Most of these VMs encourage your compiler to output not bytecodes but source code using their native language. In most cases, this is the right approach because 1) the VMs can optimize your code better than you can write in their bytecode format, and 2) it saves you a whole lot of aggravation by not having to learn the bytecode and the minutia of VM internals. (Some knowldege of VM interals will, of course, be necessary.)

That being said, you do you decide which VM fits your needs best? Some principal considerations include (more in the link below):

  • Does the VM have native support for the data items you need?
  • Does the VM support the language features you need (garbage collection, multithreading, tail recursion, etc.)?
  • Does the VM support the performance features you need (optimization, JIT compiler, etc.)?
Once you have found a virtual machine that suits your needs, you have only to check out the community behind it, to make sure you're not nearly or completely on your own.

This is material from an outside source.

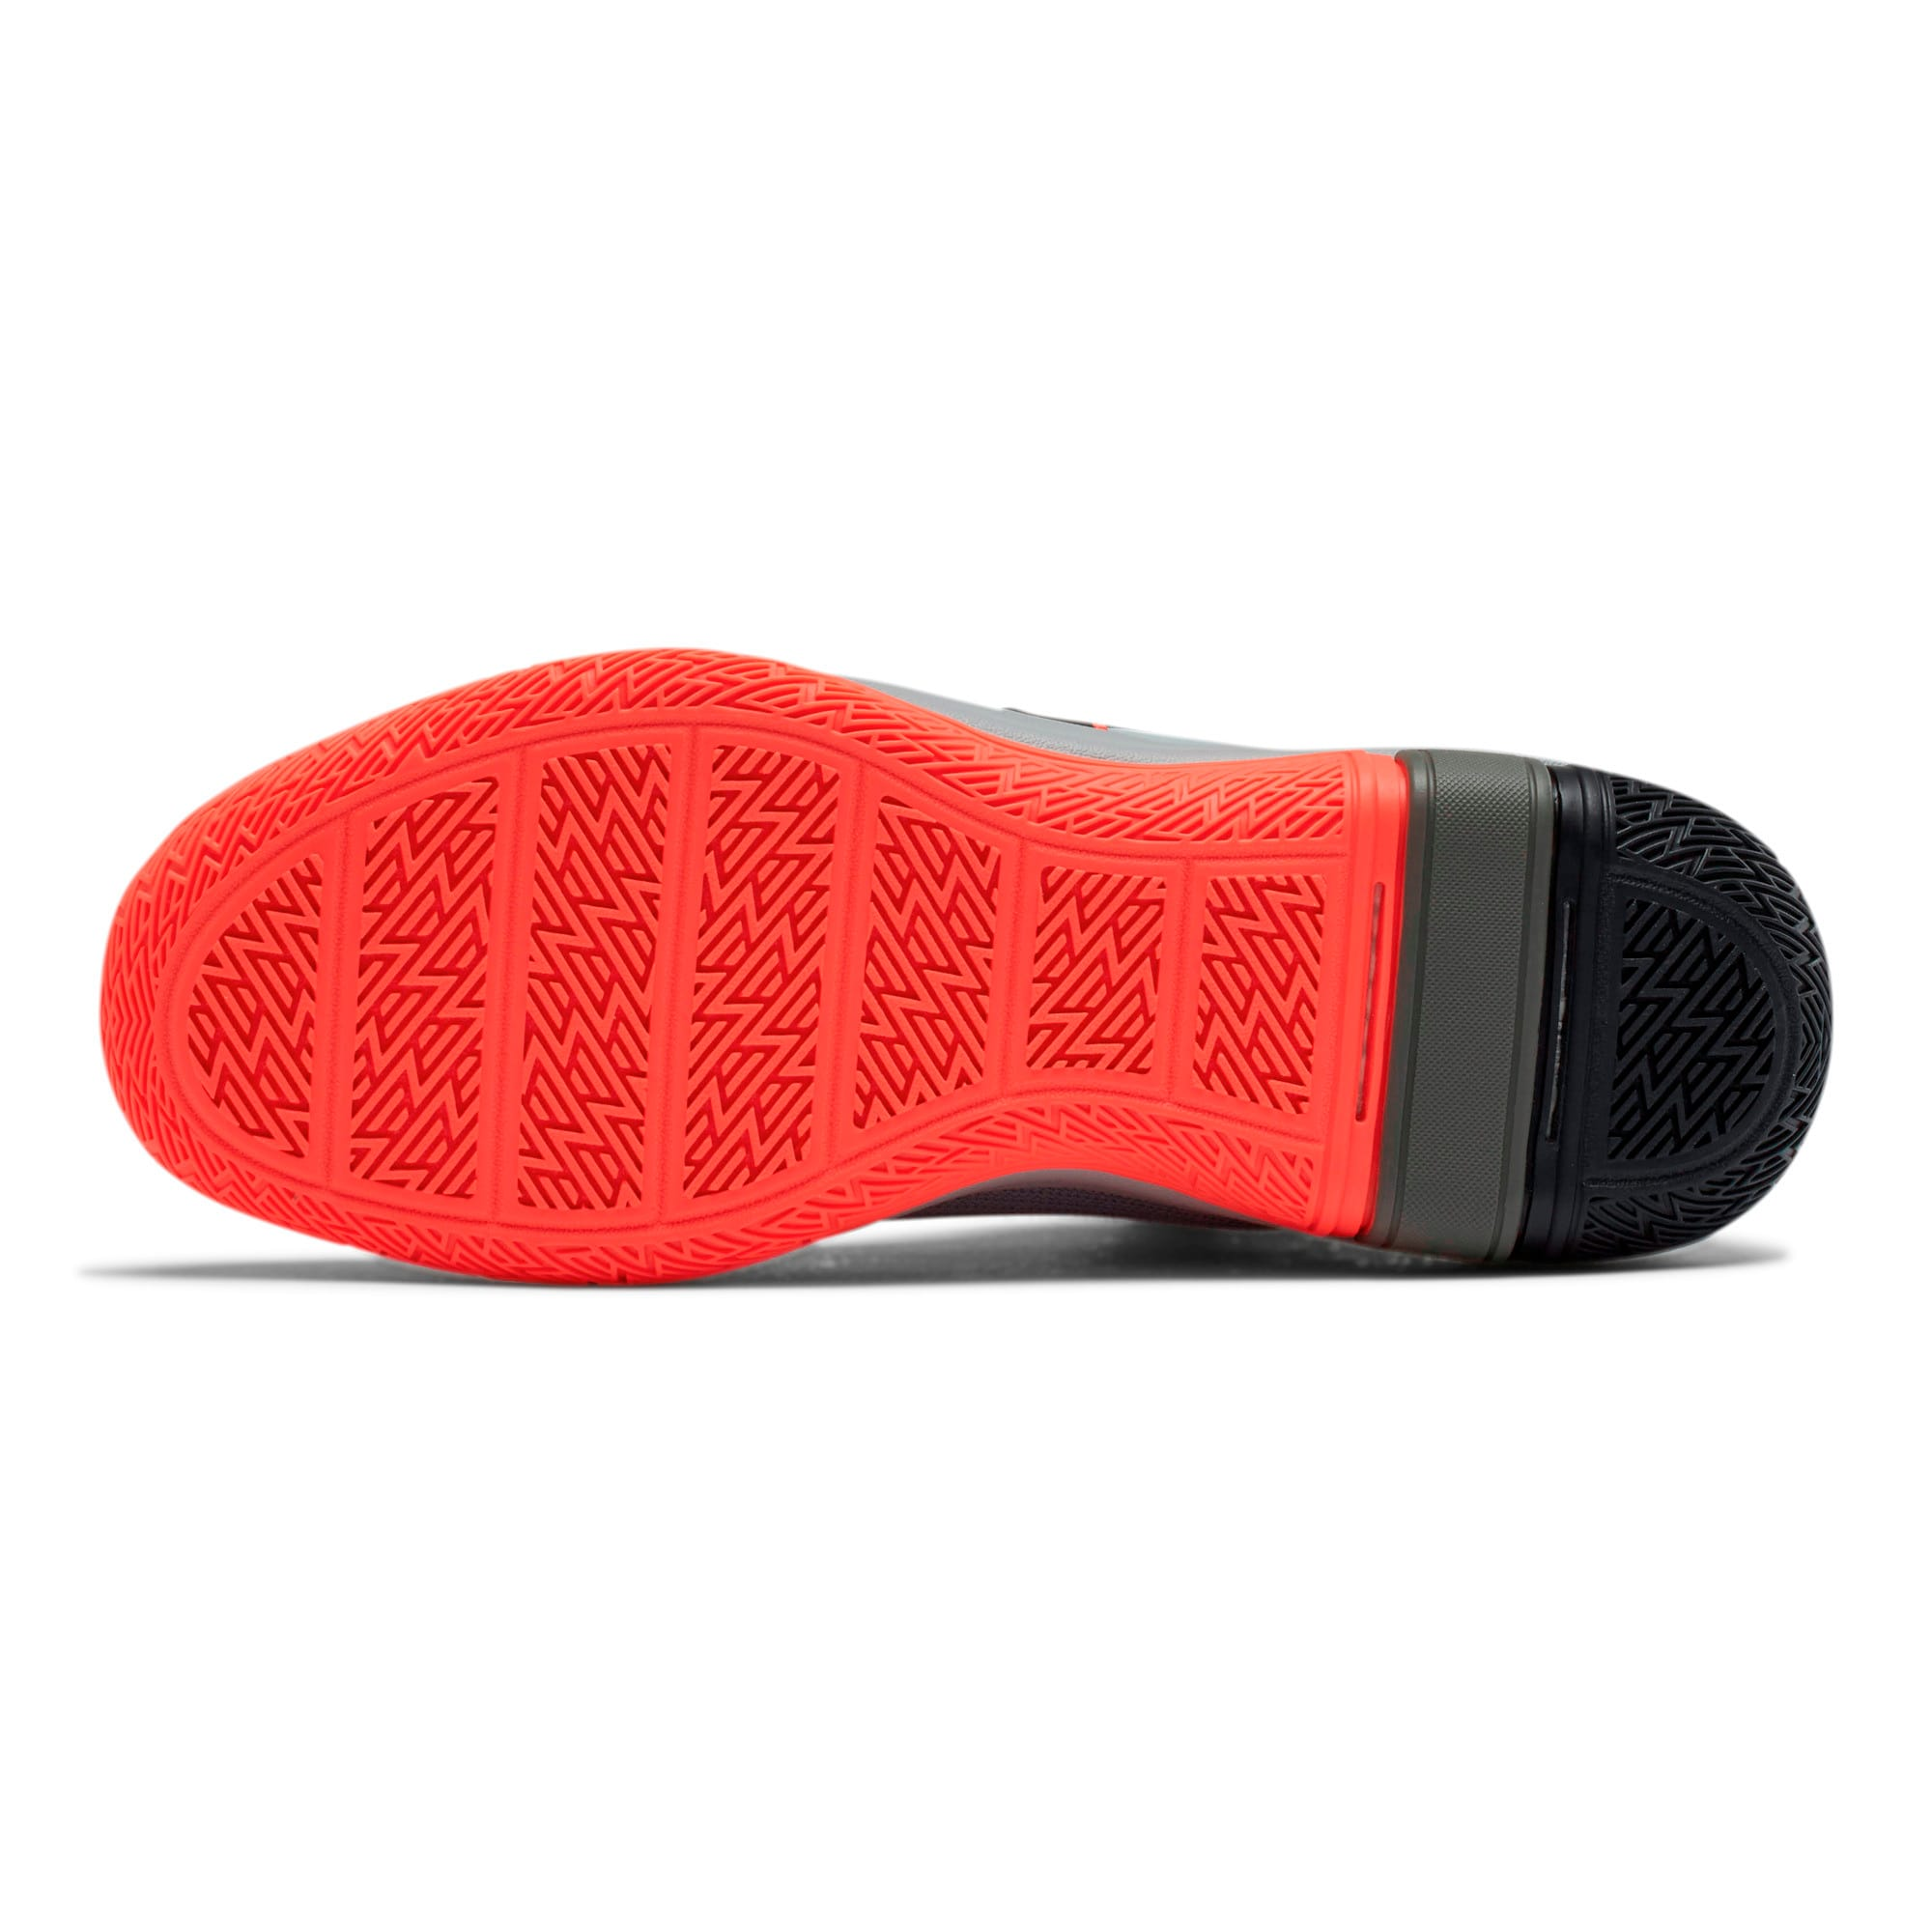 Thumbnail 4 of Legacy Disrupt Basketball Shoes, Puma Black-Red Blast, medium

Note: Lambda the Ultimate is a terrific site for aficionados of programming language development. Here is a link to a post on this topic that might shed further light. If this area interest you, definitely tag/bookmark the Lambda site.

Final note: JetBrains, the makers of the popular IntelliJ IDE, have a mechanism that can be modified to provide an IDE extension for your language.


Anonymous said...

You can bundle the JRE with your app, depending on your interpretation of the licence. That should be easier to understand when it's all GPL, hopefully later on this year.

Anonymous said...

Try adding the Tcl VM to your list. It is used at least by the L language and the Tcl language itself.

Anonymous said...

What about LLVM ?

Anonymous said...

I wonder, though, if all VMs don't overly recapitulate the semantics of the language for which they were originally designed. For instance, the JVM and the CLR embody concepts of "stack" and "heap" that make continuations harder to develop. The CLR (2.0+) has baked-in the concept of generic types, but that buys in to a whole system of types that not every language designer might agree with.